В мешанине пятен и теней на воде коридор движения едва обозначен даже цепкой памятью наемника. Сюда Ларна добирался дважды, пробно, полгода назад. И предпочел бы никогда не говорить о том Шрому. С третьей попытки он должен был убрать выра. Как теперь ясно, имя тому выру – Шрон. А заказал его все тот же Борг, неугомонный хранитель бассейна, пустеющего с каждым новым злобным помыслом.
– Ты хорошо знаешь проход, – в голосе Шрома проявилась хрипота усталости. Или тревога? – Я понимаю, куда он выведет нас. Скажи сразу. И он… тоже?

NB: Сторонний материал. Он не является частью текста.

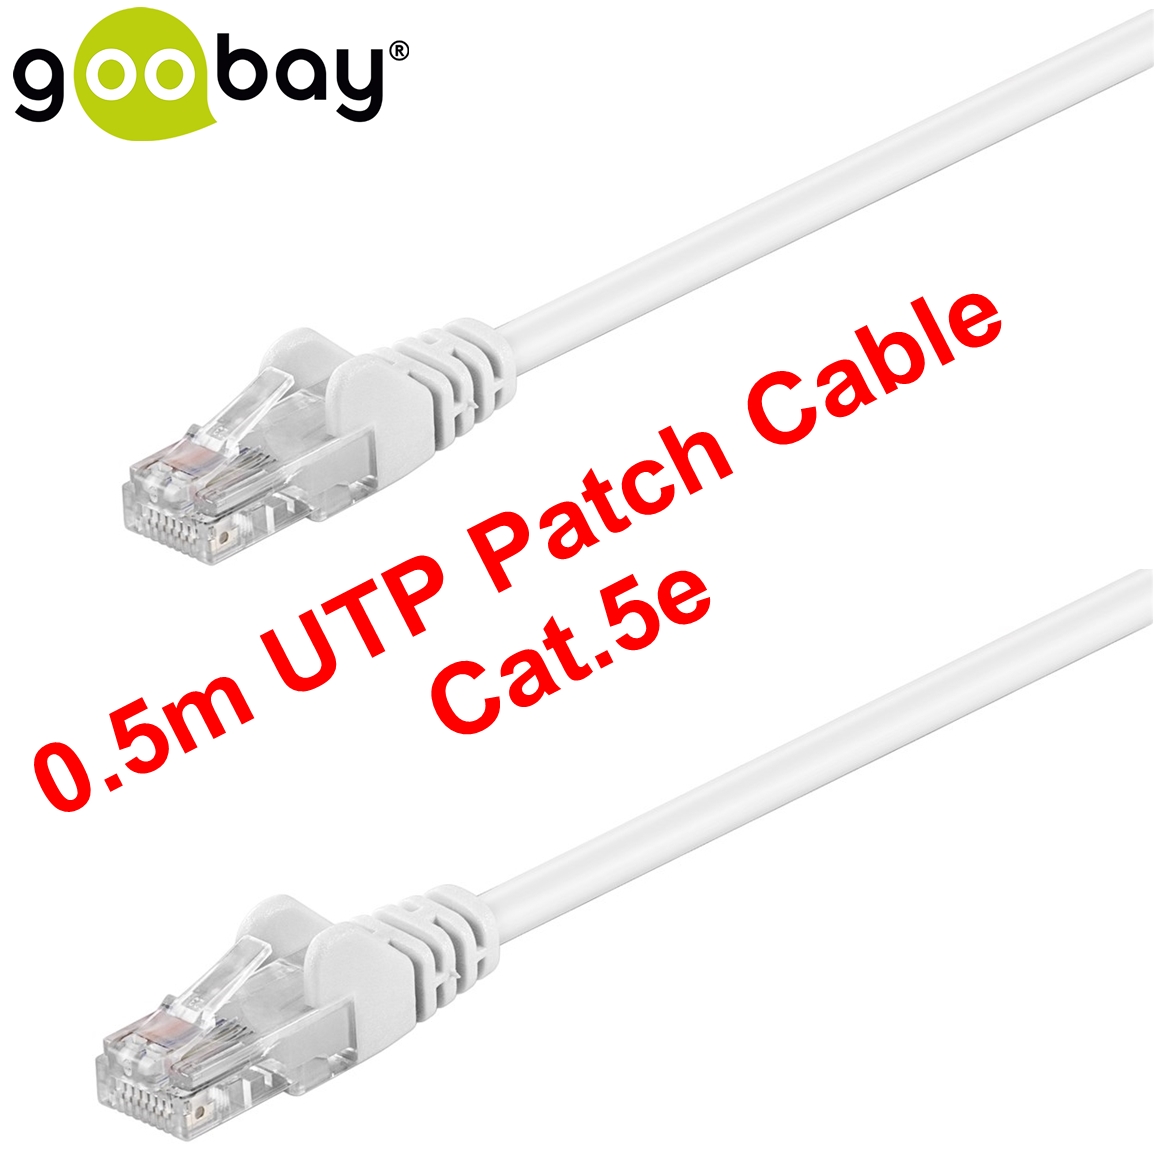 0.50m UTP Patch Cable Cat.5e GOOBAY (white)
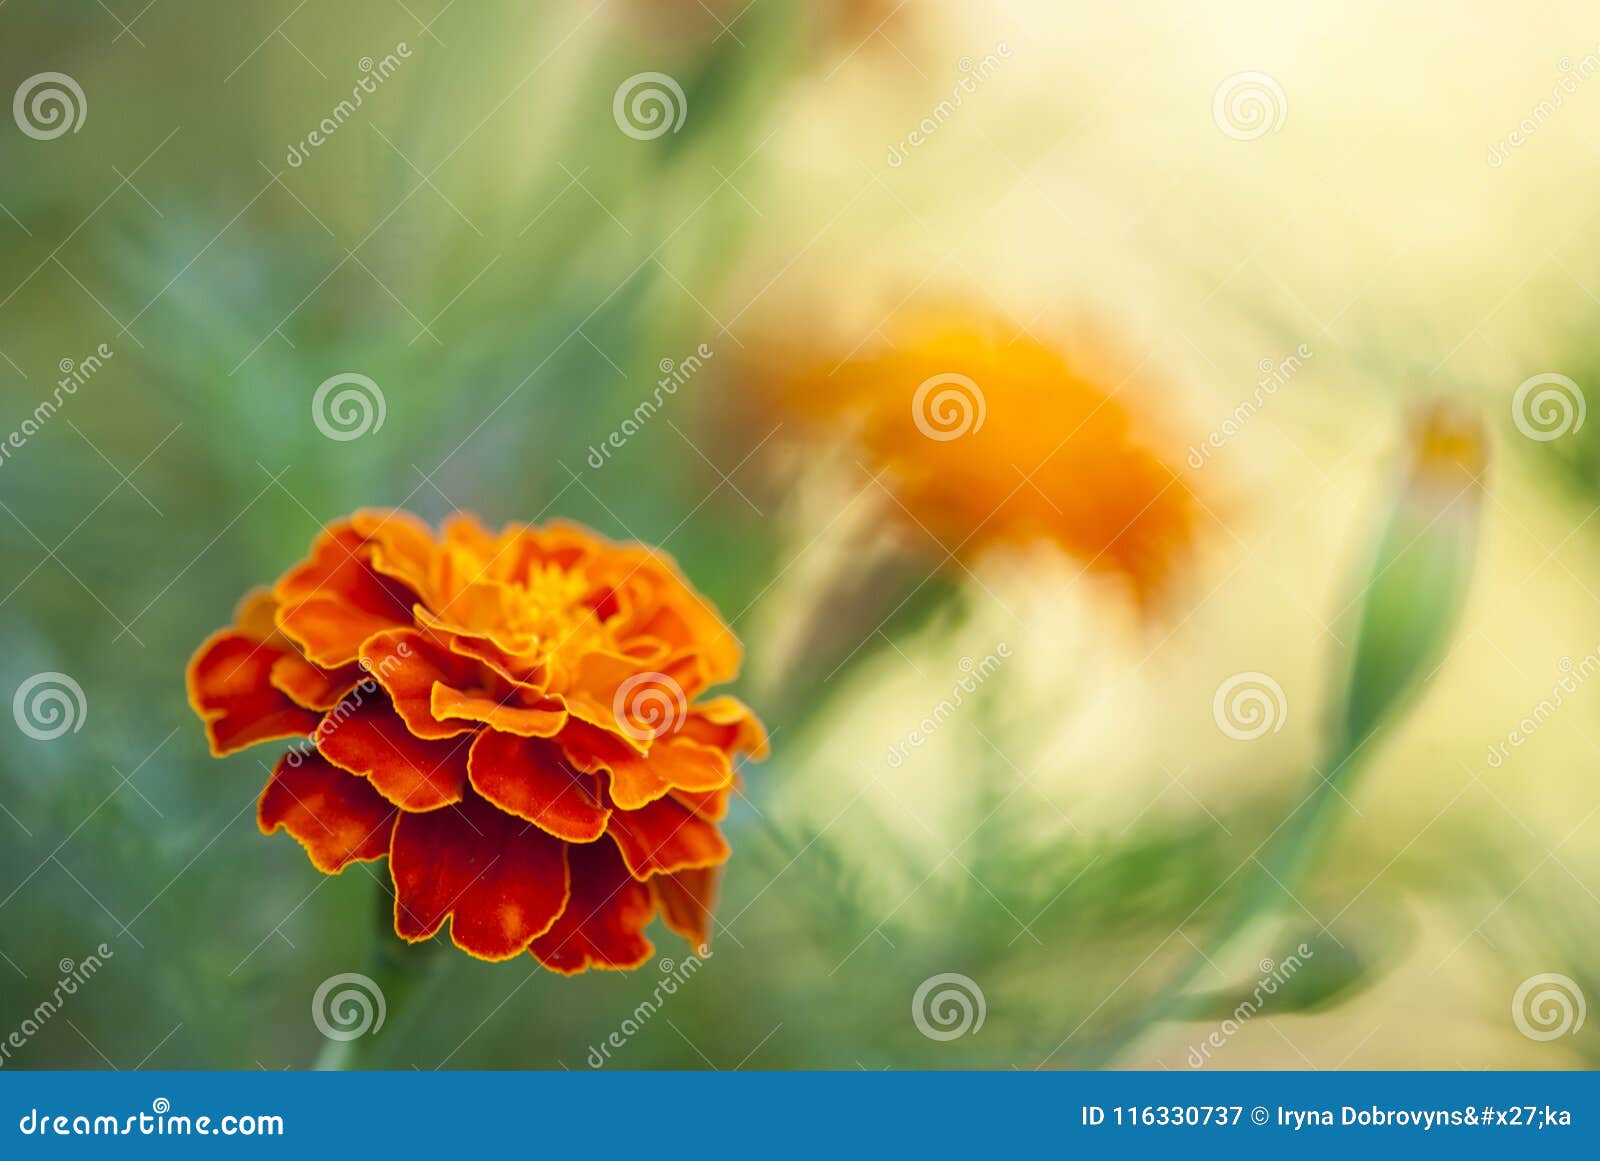 Marigold flowers background.

– Я солгал нанимателю, что не нашел его, – сразу признался Ларна, чувствуя себя совершенно счастливым от сказанного. – Но я видел его. Больной сплющенный хвост и отсутствие двух пар верхних лап-рук. Трещина на панцире, разорвавшая гнездо спинного глаза. Шторм был жесточайший… а я тщеславен, ар. Предполагал вернуться, когда твой брат выздоровеет, иначе я мог утратить славу честного выродера. Наниматель моих идей по поводу чести не оценил. Хранитель главного бассейна Синги получил его письмо. И сказал: хватит взращивать сказку о непобедимом наемнике. Кланд отказал мне в прилюдной красивой казни, создающей славу и после смерти. За что ему спасибо.
– Тебя подробно выспросили обо всем важном, а позже тихо и без огласки предназначили в рыбий корм, – голос Шрома обрел былую звучность. – Надеюсь, нового выродера за полгода не наняли. Занялись мною, да…
Выр доел печень и погладил пальцами плечо Малька. Парнишка заулыбался, придвинулся спиной к самому боку выра.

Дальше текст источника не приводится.